Yue is famous for his portraits of cackling figures that reference archetypes of the laughing Buddha and the devil. Having sold upwards of 3.7 million USD, Yue is one of China’s most expensive living artists. Although Yue is predominantly a painter, he also works across sculpture and printmaking.

  • Work in collections inc. the Denver Art Museum, the Shenzhen Art Museum, and the San Francisco Museum of Modern Art.
  • Solo show, The Road at Pace Gallery, Beijing, 2011
  • Solo show, Yue Minjun and the Symbolic Smile at Queens Museum of Art, New York, 2007
  • Group show, Year of China at the Museum of Contemporary Art Marseille, Marseille, 2003 - 2004

In his work, garish pink figures wear symbolic costumes and often appear in large groups like an army or a crowd of protestors. With his pop and surrealist-inspired aesthetic, as well as traditional motifs lifted from across Chinese and European iconography, Yue reinterprets traditional and modernist painting into his own form of contemporary satire.

“I’m actually trying to make sense of the world, there’s nothing cynical or absurd in what I do”

While the compositions have an absurd feel, Yue rejects this notion, saying that his work is not absurd, but instead portrays how he sees reality. Through his comical yet unsettling style, Yue explores the threats and freedoms of modernity, collective identity, individualism, communism, and capitalism.

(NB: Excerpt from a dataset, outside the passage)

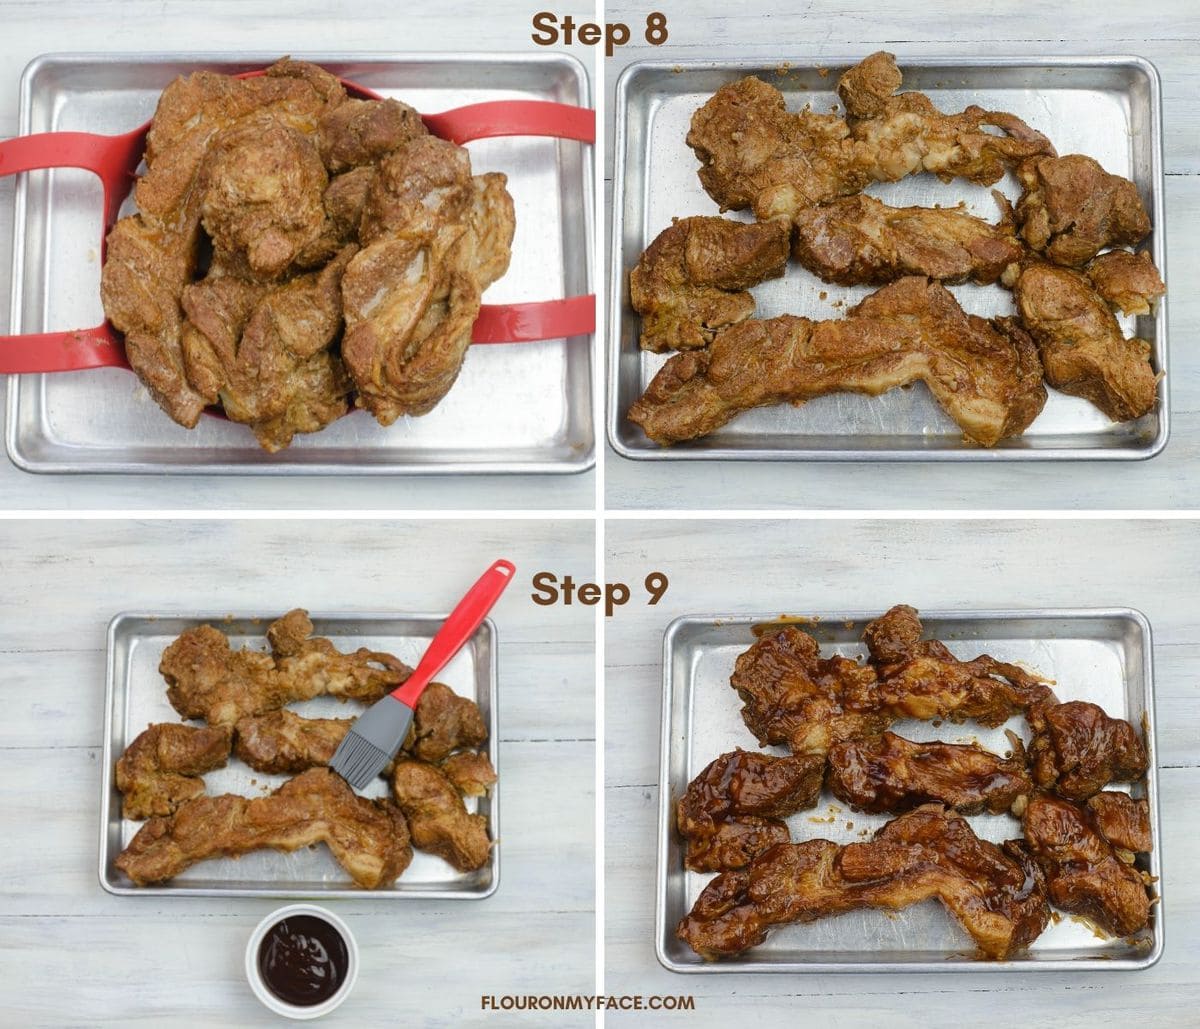 Four image collage showing the steps to glaze and brown instant pot pork ribs.
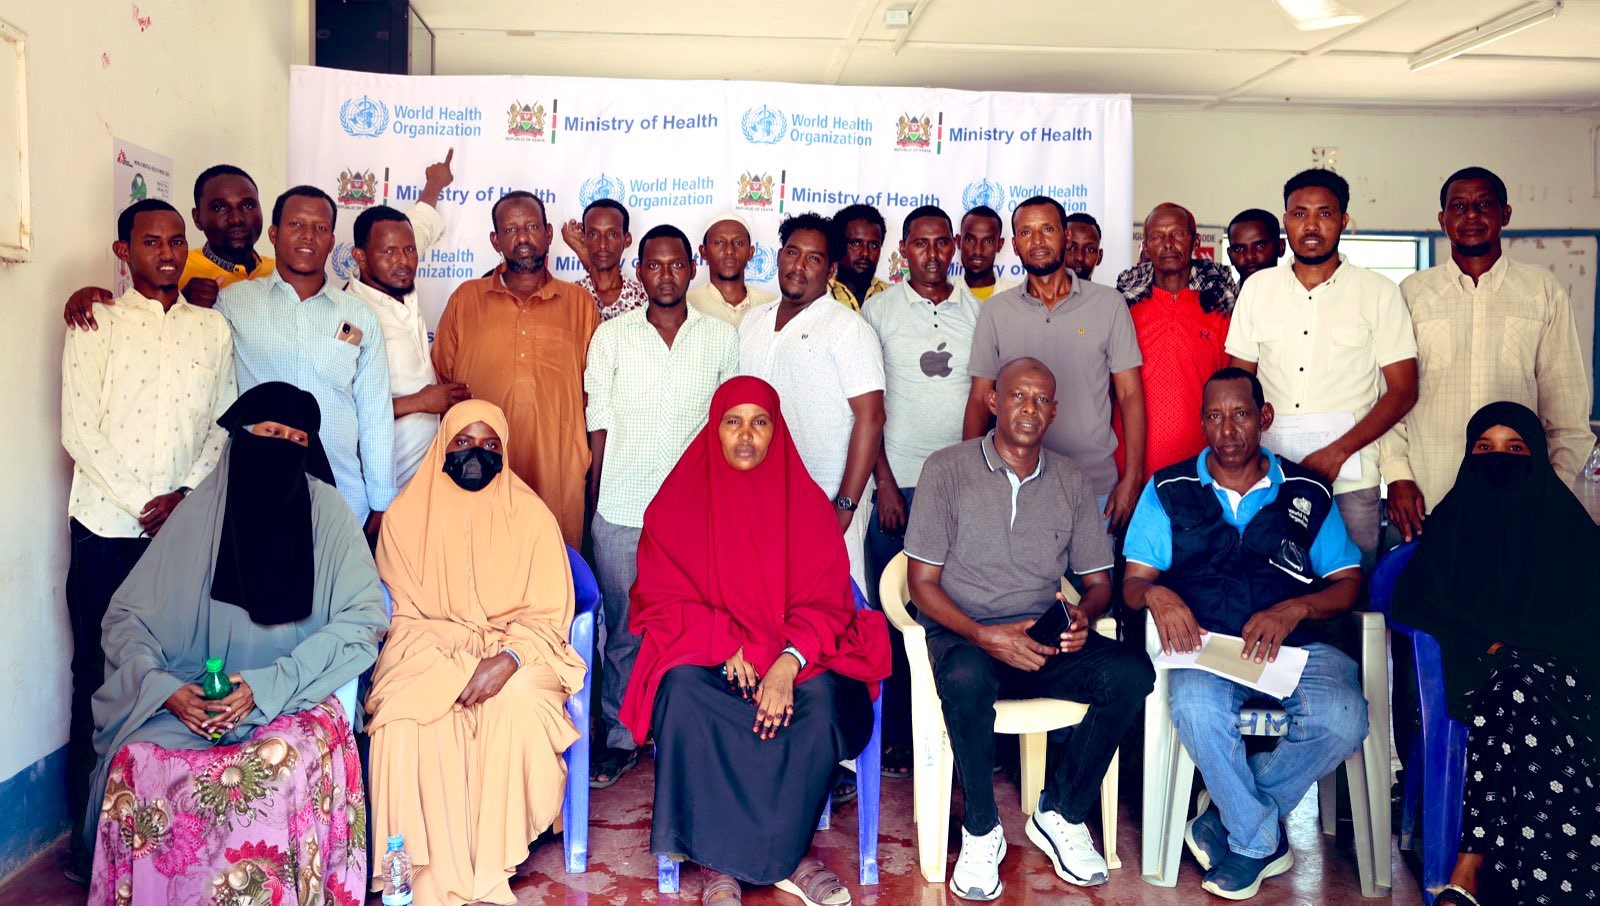 Ministry of Health, Garissa County, and WHO Launch Comprehensive Cholera Response Training in Kenyan Refugee Camps

Johannes Vermeer, The Milkmaid, c. 1660
Yue Minjun, The Milkmaid, 2002.

In the series, Landscapes with No One, Yue recreates classic European paintings in a completely different style to his trademark laughing figures. The Milkmaid (2002) is an almost perfect copy of the Dutch 17th century painting of the same name by Johannes Vermeer. However, the milkmaid herself, who, in the original painting, is a symbol of modesty, domesticity and erotism, has been taken out of the composition. Instead, baskets of bread sit untouched on a green tablecloth at the bottom left of the frame, and warm sunlight falls onto the scene from a window just above. As the figure is so essential to Yue’s oeuvre, the absence of the figure in this work, and the series as a whole, is unusual. As a result, Yue subverts the canonical history of art, questioning the societal foundations on which this history was built. 


Yue Minjun, Execution, 1995.

Many critics have labeled Yue as one of the leading figures of Cynical Realism: a movement of artists known for their cynical socio-political satire of contemporary China. While Yue personally refutes the label, it highlights the relationship between the personal and political in his work.

Yue Minjun, Armed Forces, 2009.
Yue Minjun, The Sun, 2000.

Growing up during the Cultural Revolution (1966-1976), and living through the  aftermath of the 1989 Tiananmen Square massacre, had a profound effect on Yue. As a result, the artist uses his practice as a personal space to reflect on these difficult histories, along with the powerlessness that is often felt in the face of them.

Yue Minjun, Fighting, 2009

Yue’s artwork is a bitter sweet reminder of the role of art within society to challenge normative modes of discipline and control. Restlessly questioning the world via his paintings, Yue makes an important mark on contemporary art history, and reinstates the importance of art in our ever-changing world.